* Exercise aim *
The word "measures" may appear in some lines of the data; copy every such line.

* Data shown *
Start of Block

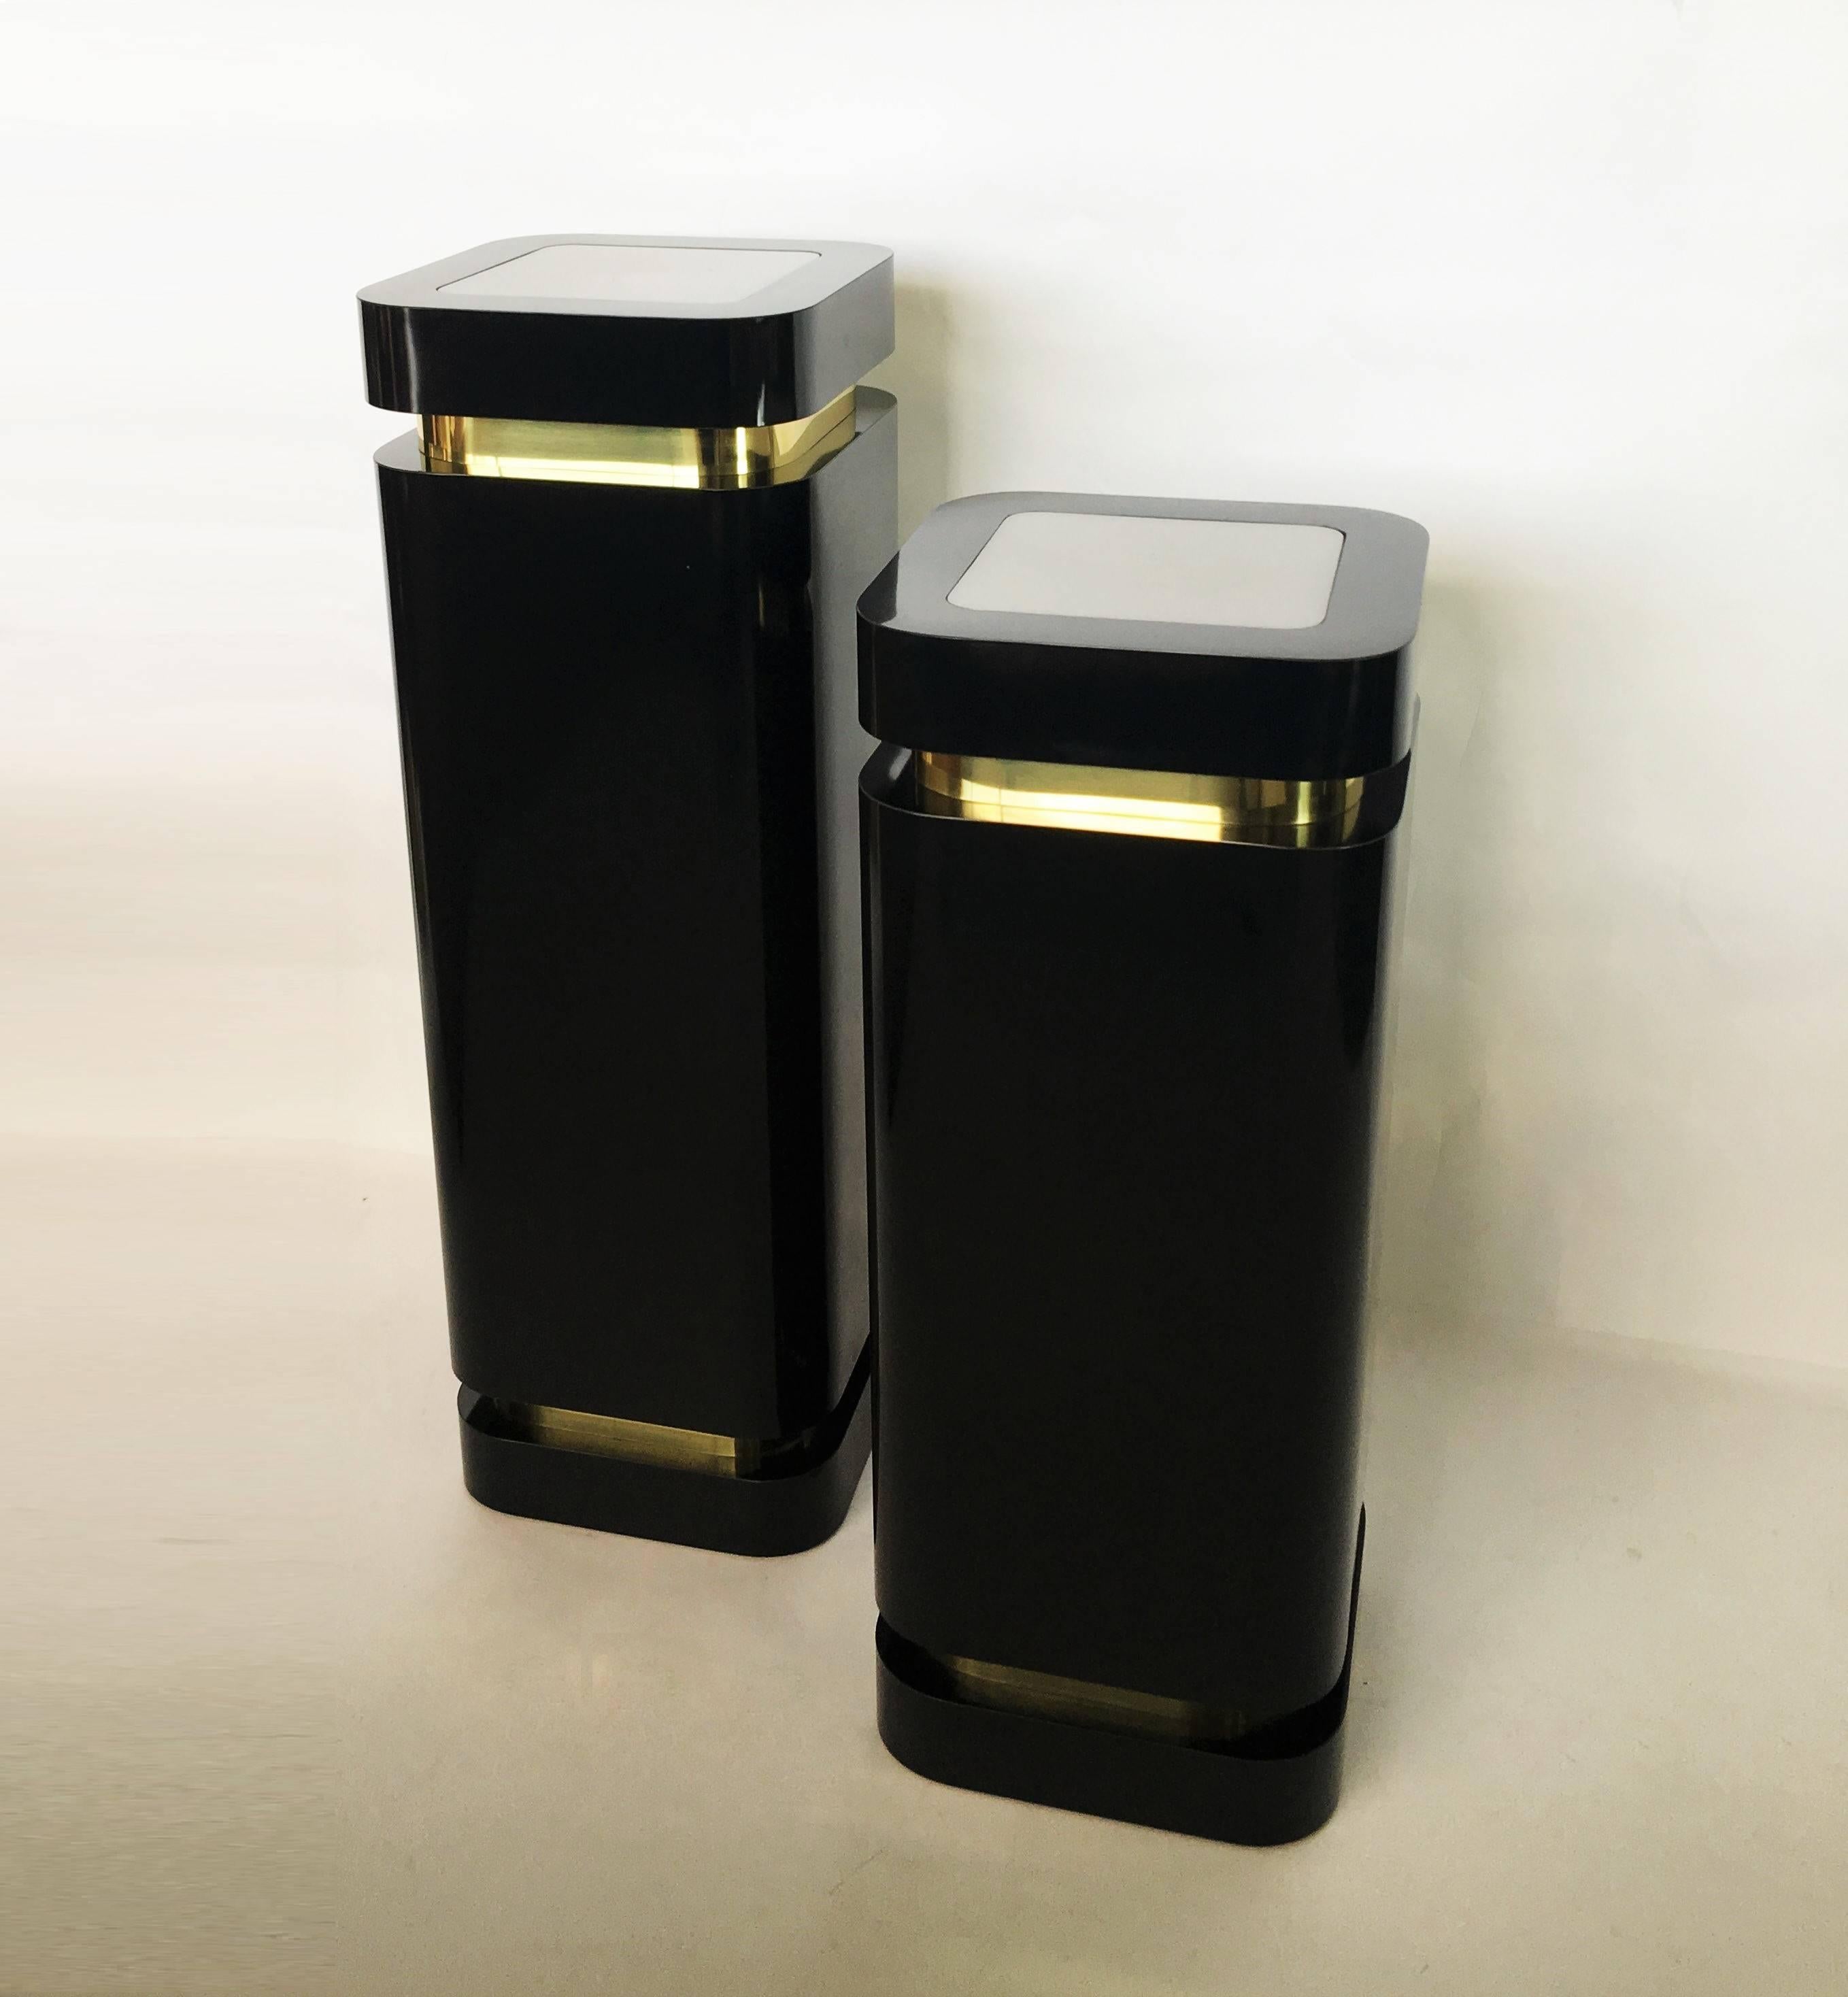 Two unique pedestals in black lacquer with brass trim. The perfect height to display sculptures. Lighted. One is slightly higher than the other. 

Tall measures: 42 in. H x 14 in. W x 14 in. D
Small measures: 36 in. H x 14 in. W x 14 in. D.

End of Block

* Your solution *
Tall measures: 42 in. H x 14 in. W x 14 in. D
Small measures: 36 in. H x 14 in. W x 14 in. D.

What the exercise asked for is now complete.